Song by Maluma
- Released: 13 March 2020
- Recorded: 2020
- Genre: Reggaeton; Latin pop;

= Qué Chimba =

Qué Chimba is a song by Colombian singer Maluma, released on March 13, 2020.

== Description ==
Maluma First Teases the title of the song on his Instagram account with posting a post with the word "Que Chimba", and asking his followers if they know what does it mean.“Que Chimba” is an electronic Colombian guaracha, produced by Victor Cárdenas, which inspires dance and, in fact, rises on Colombia's dance tracks. A few months ago, the song leaked through the DJs at the discos in the artist's country, and immediately became a success among young people, which made Maluma decide to take the song out by responding to popular demand.
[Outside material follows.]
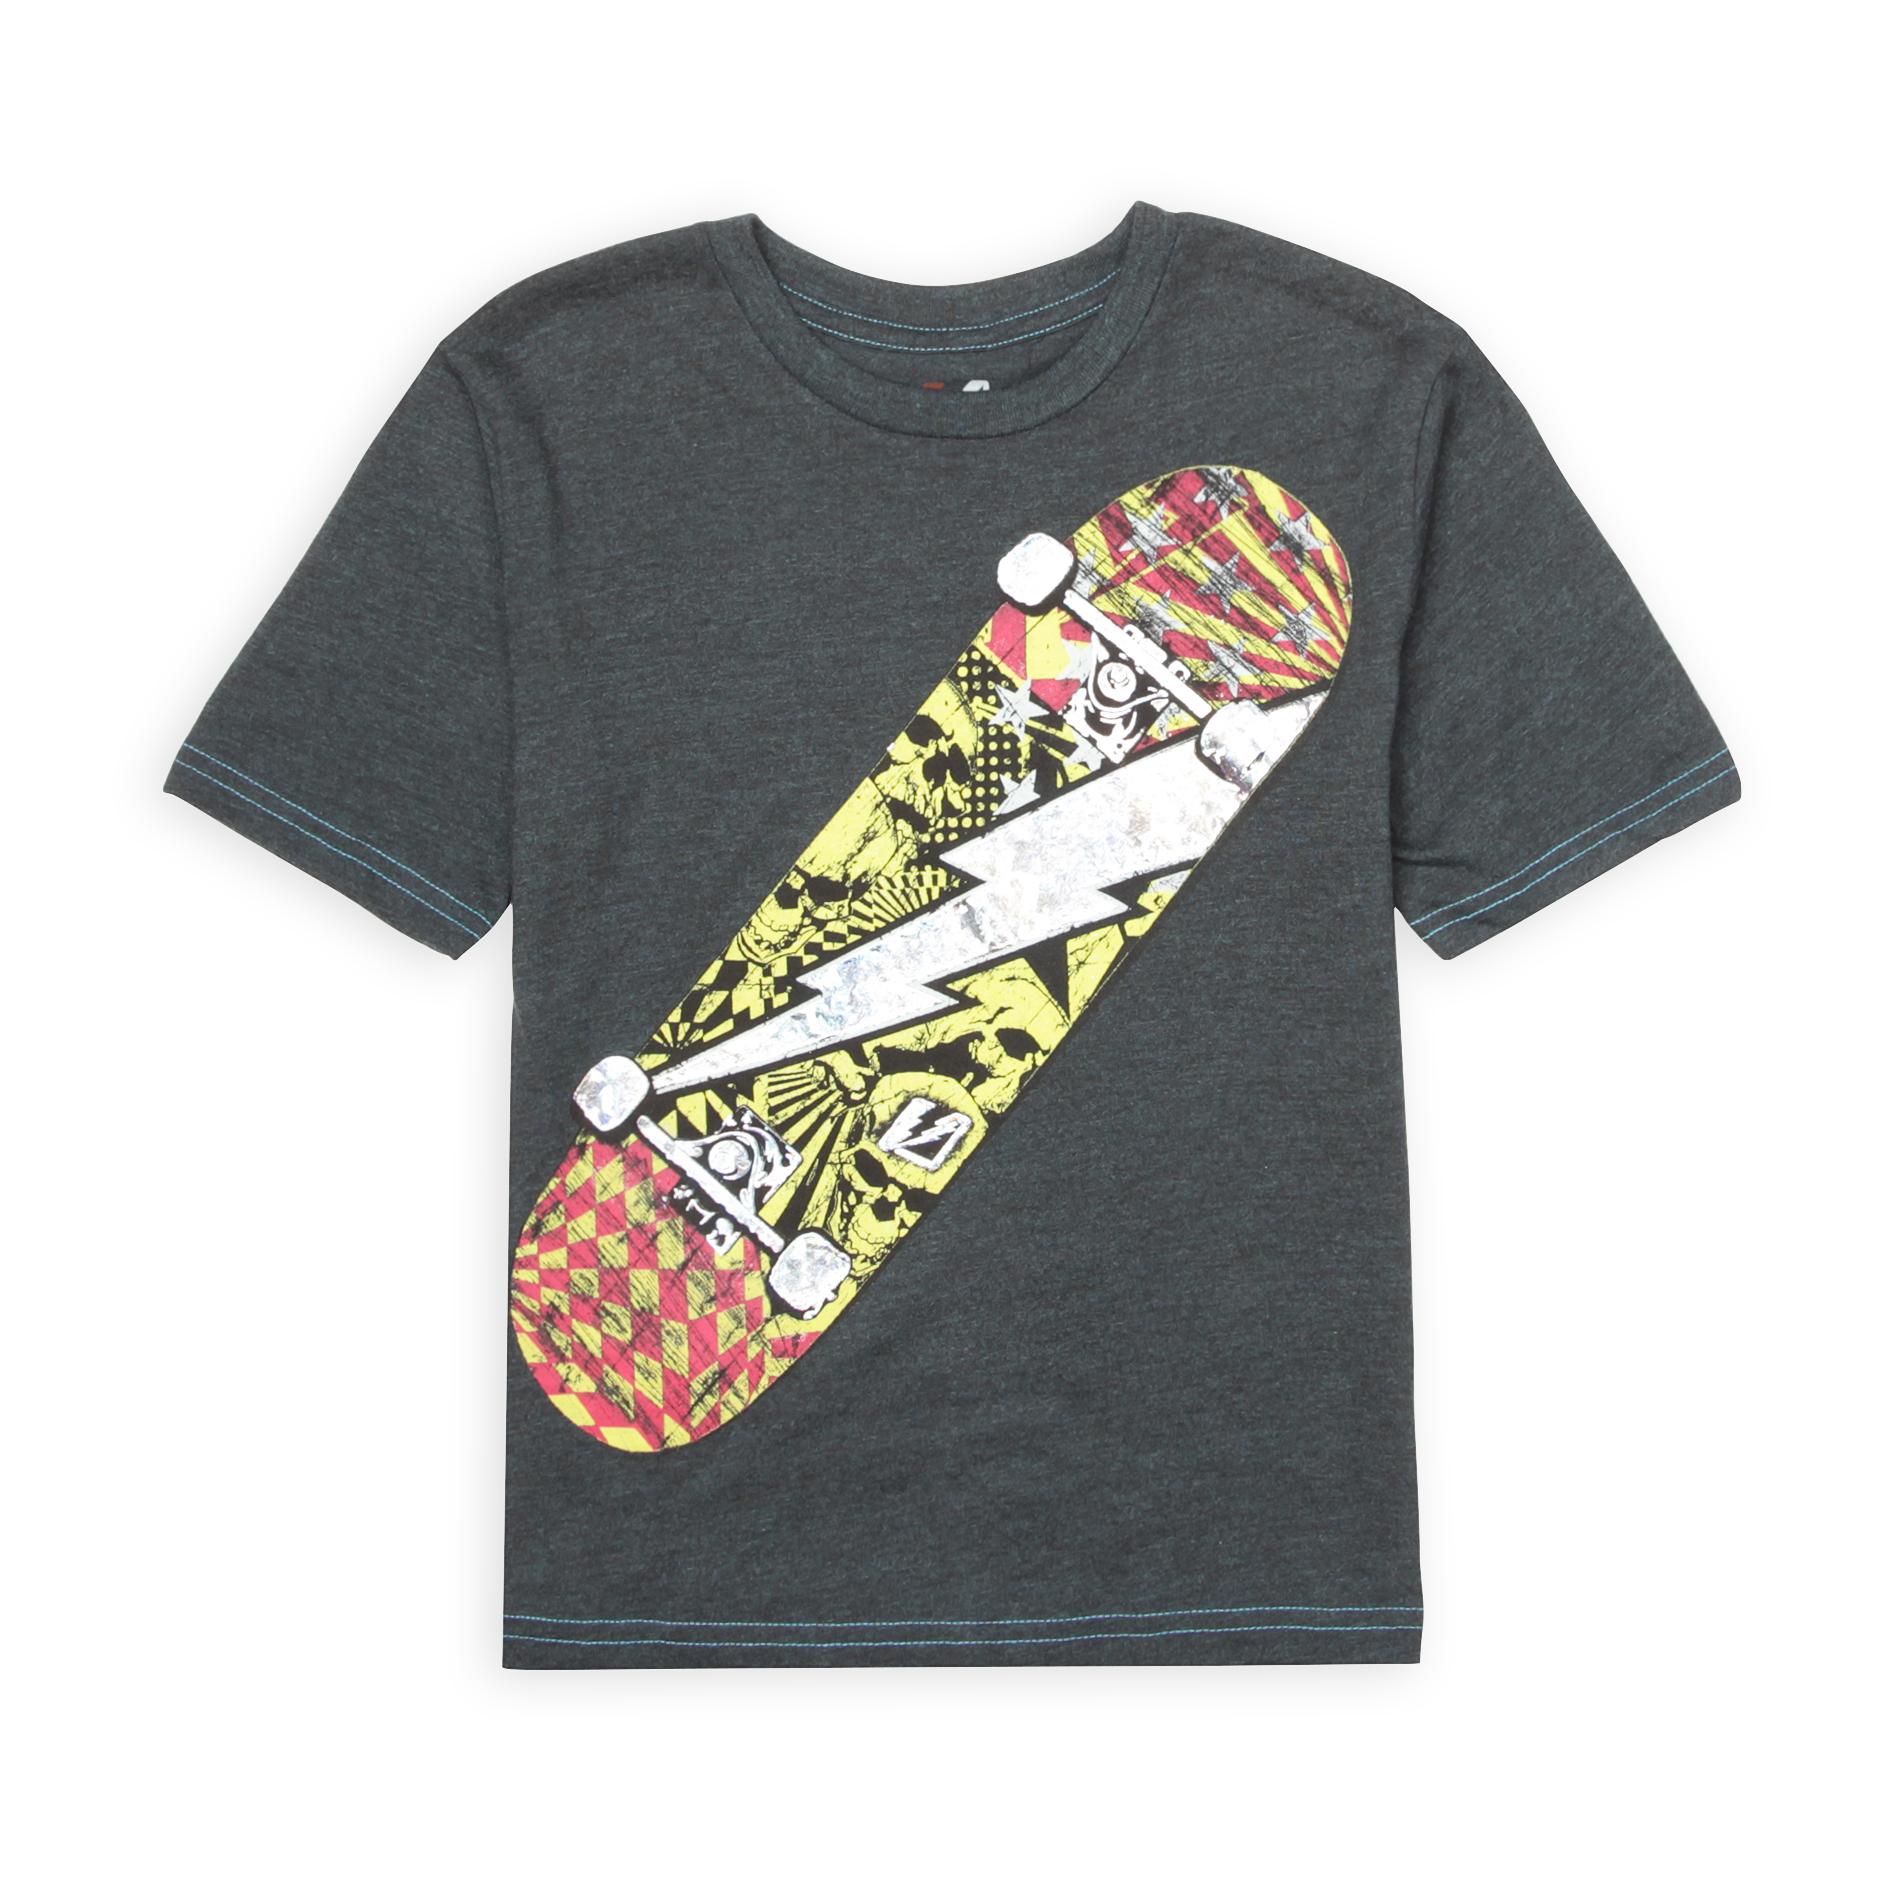 Amplify Boy's Graphic T-Shirt - Skateboard

The video directed and produced by Maluma with his creative director and photographer Tes (Cesar Pimienta), was recorded with the camera of a mobile phone in February and the first days of March in Europe in the cities of Prague and Munich, amidst his tour of the region.

Back home, Maluma and his foundation The Art of Dreams collaborated with the people of Antioquia, Colombia, with delivery of expenses to overcome the COVID-19 crisis. The foundation has also donated medical equipment, stoppers, gloves and disposable uniforms to various hospitals in the region.

At the head of President Manuela Londoño Arias and founder Juan Luis Londoño Arias (Maluma) concerned about the situation of the families of the 170 dreamers who are part of the organization and who belong to the vulnerable population of Antioquia, they continue to support their development, this time welcoming the whole family. Dream Art has delivered markets that will allow them to carry this moment of isolation without passing through such needs. Additional markets are being donated to families in the Alto de la Virgin in Guarne and in the municipality of Venice, Antioquia.

During the COVID-19 pandemic quarantine, Maluma revealed a new TikTok dance of the song, with his friend

==Certifications==

| Region | Certification | Certified units/sales |
| Mexico (AMPROFON) | Gold | 30,000^{‡} |
^{‡} Sales+streaming figures based on certification alone.